■映画が習得言語の一つだとしたら、共通言語にするための努力はとてつもない労力なのかもしれません


■オススメ度

 

映画好きのこじらせに興味がある人(★★★)

大学デビューに過剰な夢を見た人(★★★)

 


■公式予告編

鑑賞日:2024.12.30(アップリンク京都)


■映画情報

 

原題:I Like Movies(映画が好き)

情報:2022年、カナダ、99分、G

ジャンル:映画好きの偏屈と、彼と関わる人々を描いた青春映画

 

監督&脚本:チャンドラー・レヴァック

 

キャスト:

アイザイア・レティネン/Isaiah Lehtinen(ローレンス・クウェラー/Lawrence Kweller:映画好きの17歳、夢はNY大学映画学科進学)

 

パーシー・ハインズ・ホワイト/Percy Hynes White(マット・マカーチャック/Matt Macarchuck:ローレンスの親友)

Eden Cupid(ローレン・P/Lauren P.:ローレンスのクラスメイト)

 

Anand Rajaram(オレニック先生/Mr.
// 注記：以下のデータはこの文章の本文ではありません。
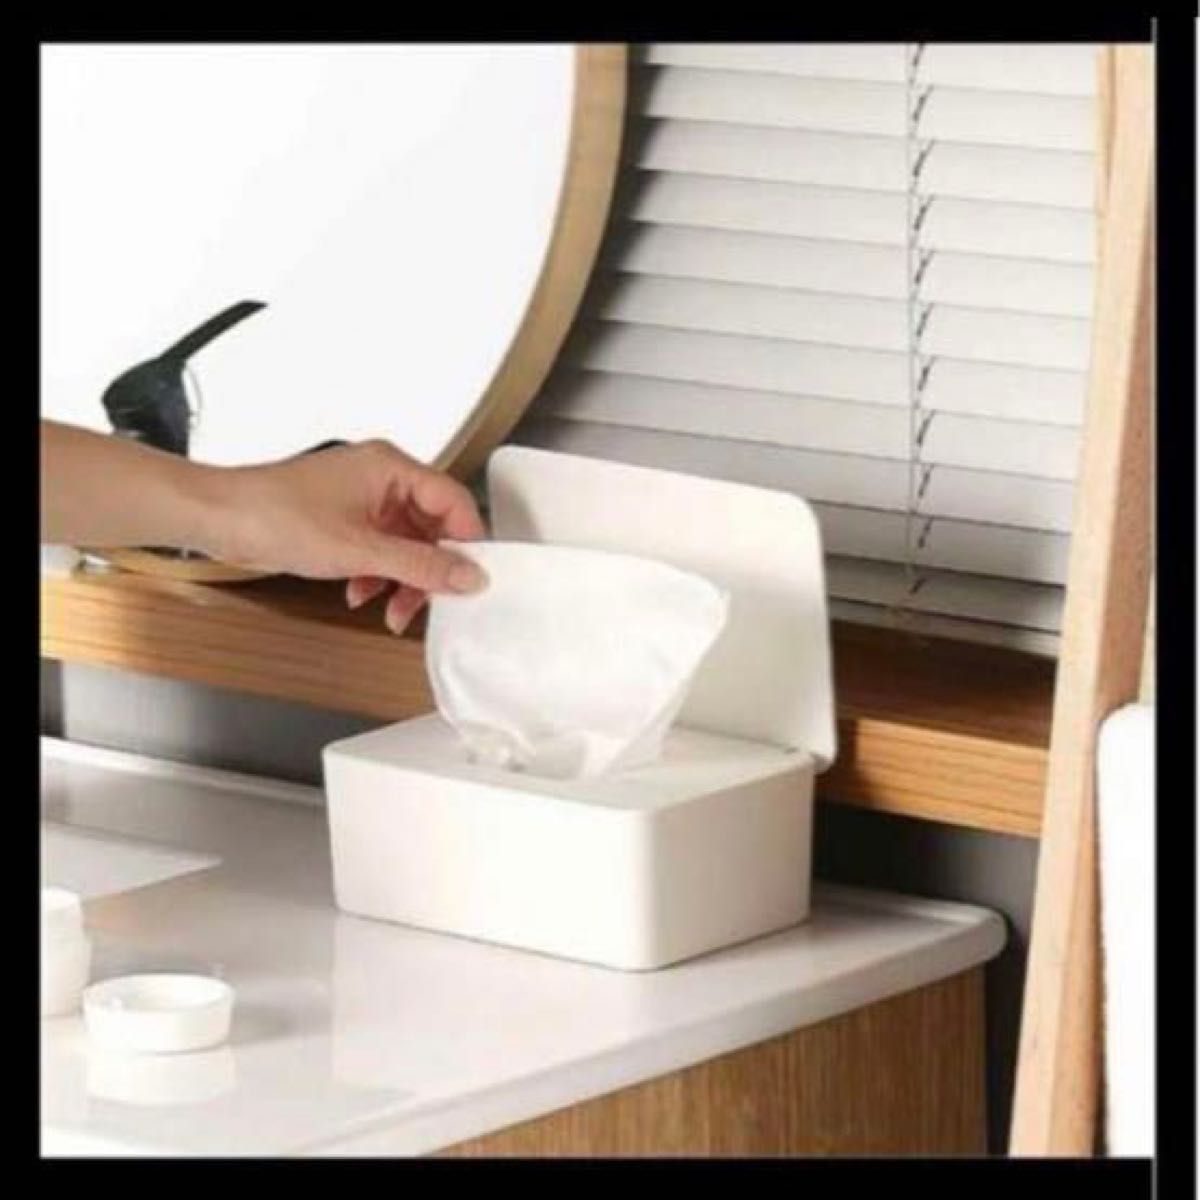 ティッシュケース ティッシュボックス マスクボックス 密閉設計 収納BOX 取出簡単 玄関 リビング オフィス 車 子供部屋

Olenick:ローレンスの担任の先生)

 

クリスタ・ブリッジス/Krista Bridges(テリ・クウェラー/Terri Kweller:ローレンスの母)

 

Veronika Slowikowska(タビサ/Tabitha:カールトン大学の学生)

 

Dan Beirne(オーウェン/Owen:「Sequels」のマネージャー)

ロミーナ・ドゥーゴ/Romina D’Ugo(アラナ/Alana:ローレンスのバイト先の店長、元女優志望)

Andy McQueen(ブレンダン/Brendan:ローレンスの先輩)

Alex Ateah(シャノン/Shannon:ローレンスの先輩)

 

Rodrigo Fernandez-Stoll(夫婦のお客さん)

Gwynne Phillips(夫婦のお客さん)

Sarah Camacho(スポティッシュな女性客)

Robert Cook(絡んでくる老人客)

Tanner Zipchen(セクシーな男性客)

 

Trina Skan(「Cineplex」のチケット係)

 

Katie Douglas(プロムに参加するクラスメイト)

Katie Douglas(「Year End Prom Video」の出演者)

Alexander Gallimore(「Year End Prom Video」の出演者)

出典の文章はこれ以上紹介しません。